While there are a variety of tools available for researchers to determine the secondary (2-D) shape of RNA, discovering the three-dimensional (3-D) structure of an RNA molecule is much more difficult. To date, X-ray crystallography has definitively determined the 3-D structure of a fairly small number of specific RNA molecules, compared to all that are known to exist in our cells.

Zirbel, a professor in the Department of Mathematics and Statistics, is applying probability theory to help predict RNA 3-D structure.

“If you give me the sequence of an RNA molecule, I can go to websites that will predict the secondary structure and tell me where the helices made of Watson-Crick base pairs are,” said Zirbel. “That will leave internal loops and hairpins, which are geometrically the most interesting, and which are composed of the non-Watson-Crick base pairs that determine its shape. What I’d like to do is take the sequence of the internal loop and tell you what it looks like in 3-D. Is it a 45-degree bend, a 90-degree bend, or an extra twist? That would help you reassemble the RNA in 3-D. It doesn’t solve the whole problem, just the important part.”

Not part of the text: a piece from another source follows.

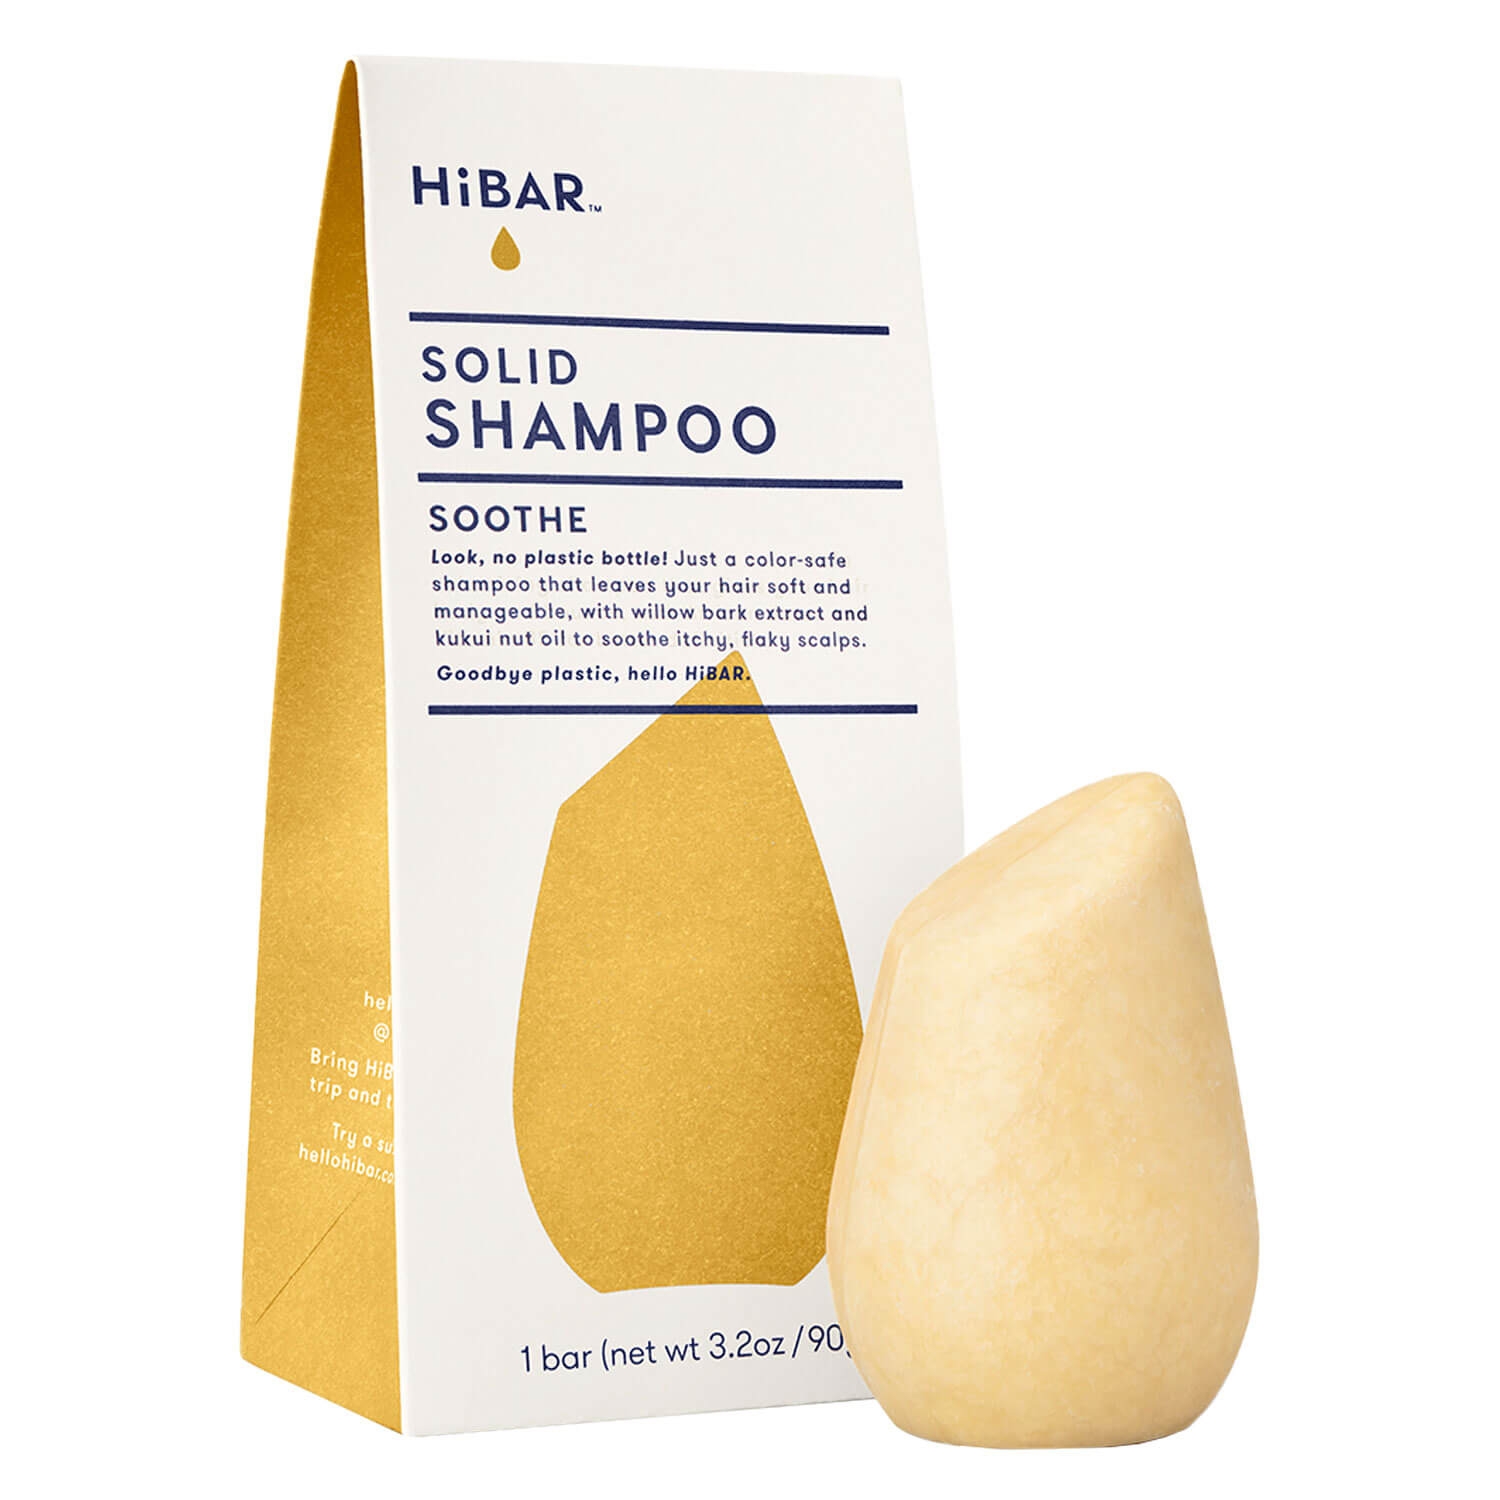 Product image from HiBAR - SOOTHE Festes Shampoo

The Web application the team is developing uses an innovative “grammar” that builds on the “vocabulary” introduced by the Leontis-Westhof base pair classification system. This allows researchers to ask new questions—and get better answers—about RNA 3-D structure. It does this by examining all the possible 3-D structures for a given sequence and then suggesting which is the most likely.

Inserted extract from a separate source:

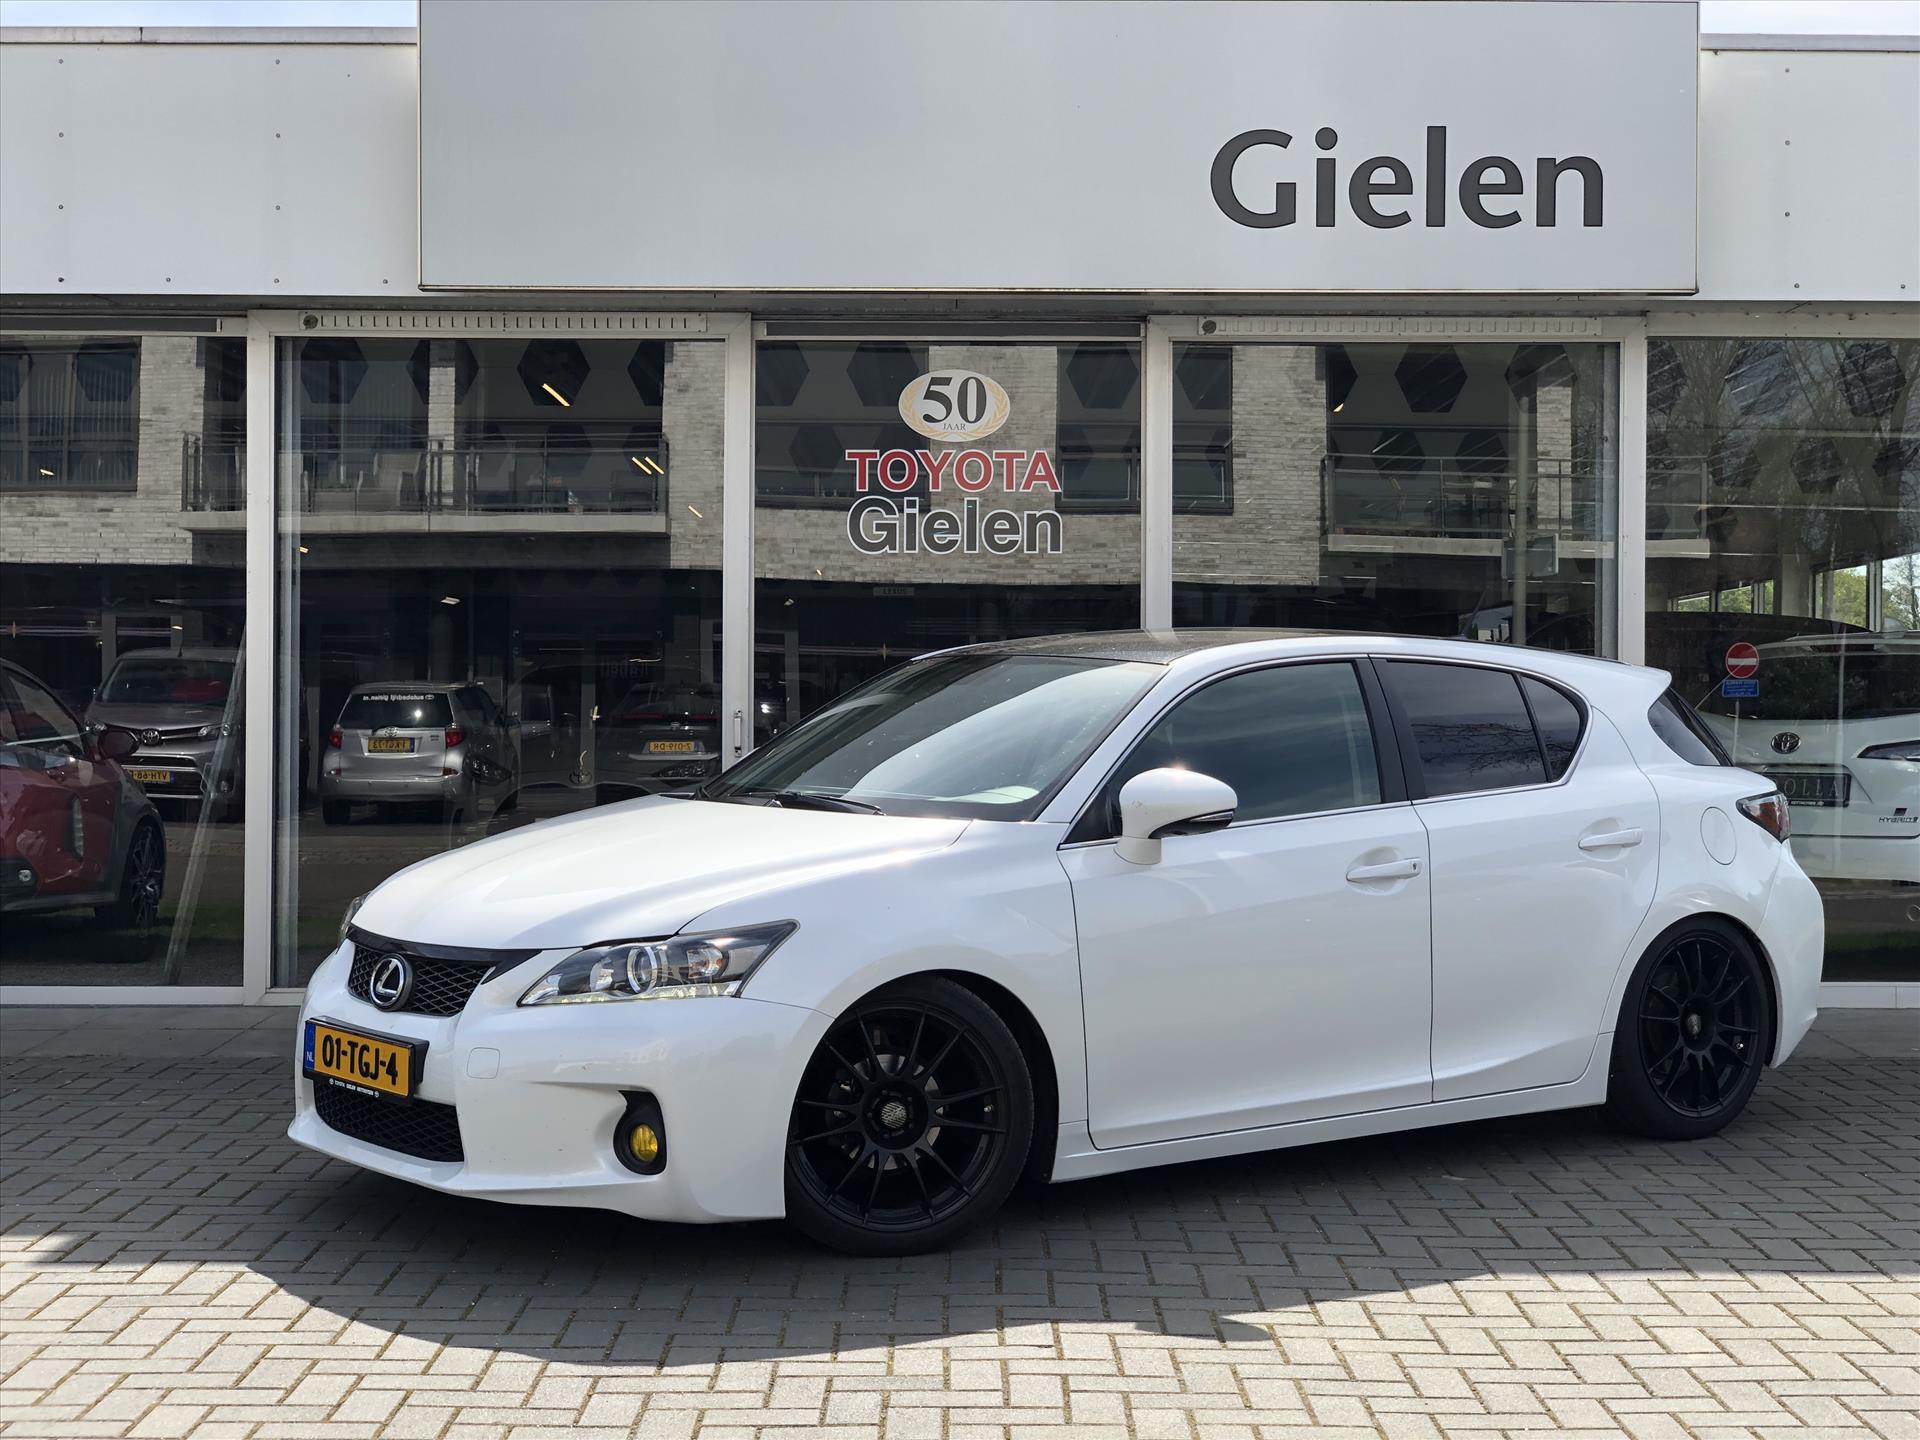 Lexus Ct 200h Business Line Pro F Sport Grill | Parkeercamera, Keyless, Cruise control, 18 inch, Privacy Glass, Zeer compleet! bij viaBOVAG.nl

“In statistics, you do this kind of thing often,” Zirbel said. “For example, my model could be that the data come from a normal distribution with some mean and some standard deviation. Then you try to determine which mean and which standard deviation match the data the best.”

“Here, we’ve got 250 different models,” Zirbel said. “We just don’t know which model is the most likely to have generated the sequence that we’re seeing. So our decision criterion is maximum likelihood. You take each model and ask, ‘What is the probability that this model would generate that sequence? Then what is the probability that the next model would generate that sequence?’ All the way down the line, and then choose the model that has the maximum likelihood of generating that sequence.”

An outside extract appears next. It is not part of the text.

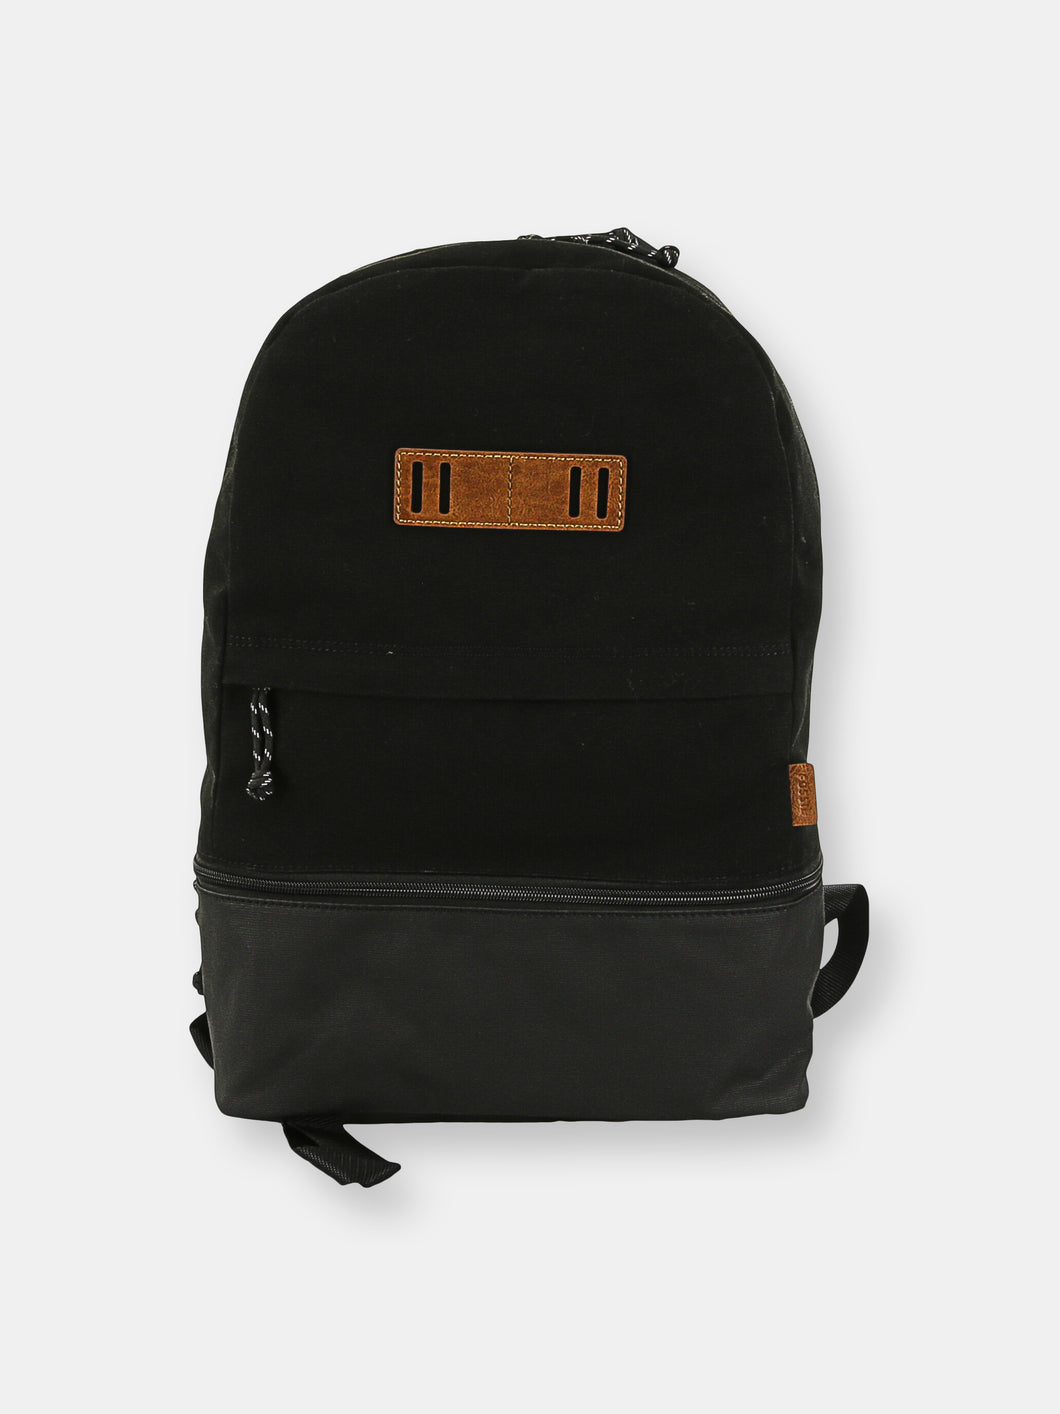 Fossil Summit Canvas Backpack for Men

From a software programming perspective, this is a challenging task. But the interdisciplinary nature of the current project team is pushing the project ahead. Petrov has created software to automate the cataloging and classification of the various loop, hairpin, and junction structures that give RNA its 3-D shape, while Roll has been working to refine the probabilistic model that is the core of the application’s prediction algorithm. Sweeney brings database expertise that has helped the group integrate sequence data from other genome projects, and also simplified software coding and maintenance.

“It turns out it’s a whole lot of fun, and it’s different than anything I have done before,” Zirbel said. “It’s kind of the Wild West of probabilistic modeling, and I happen to like that. As a mathematician I don’t mind solving somebody else’s problem as opposed to proving theorems in my own domain. In this case, we have a chemist, Neocles, who knows a problem that people want solved, and we’re out to solve it. We complement each other in that he appreciates the mathematics and I appreciate the physics, chemistry and biology.”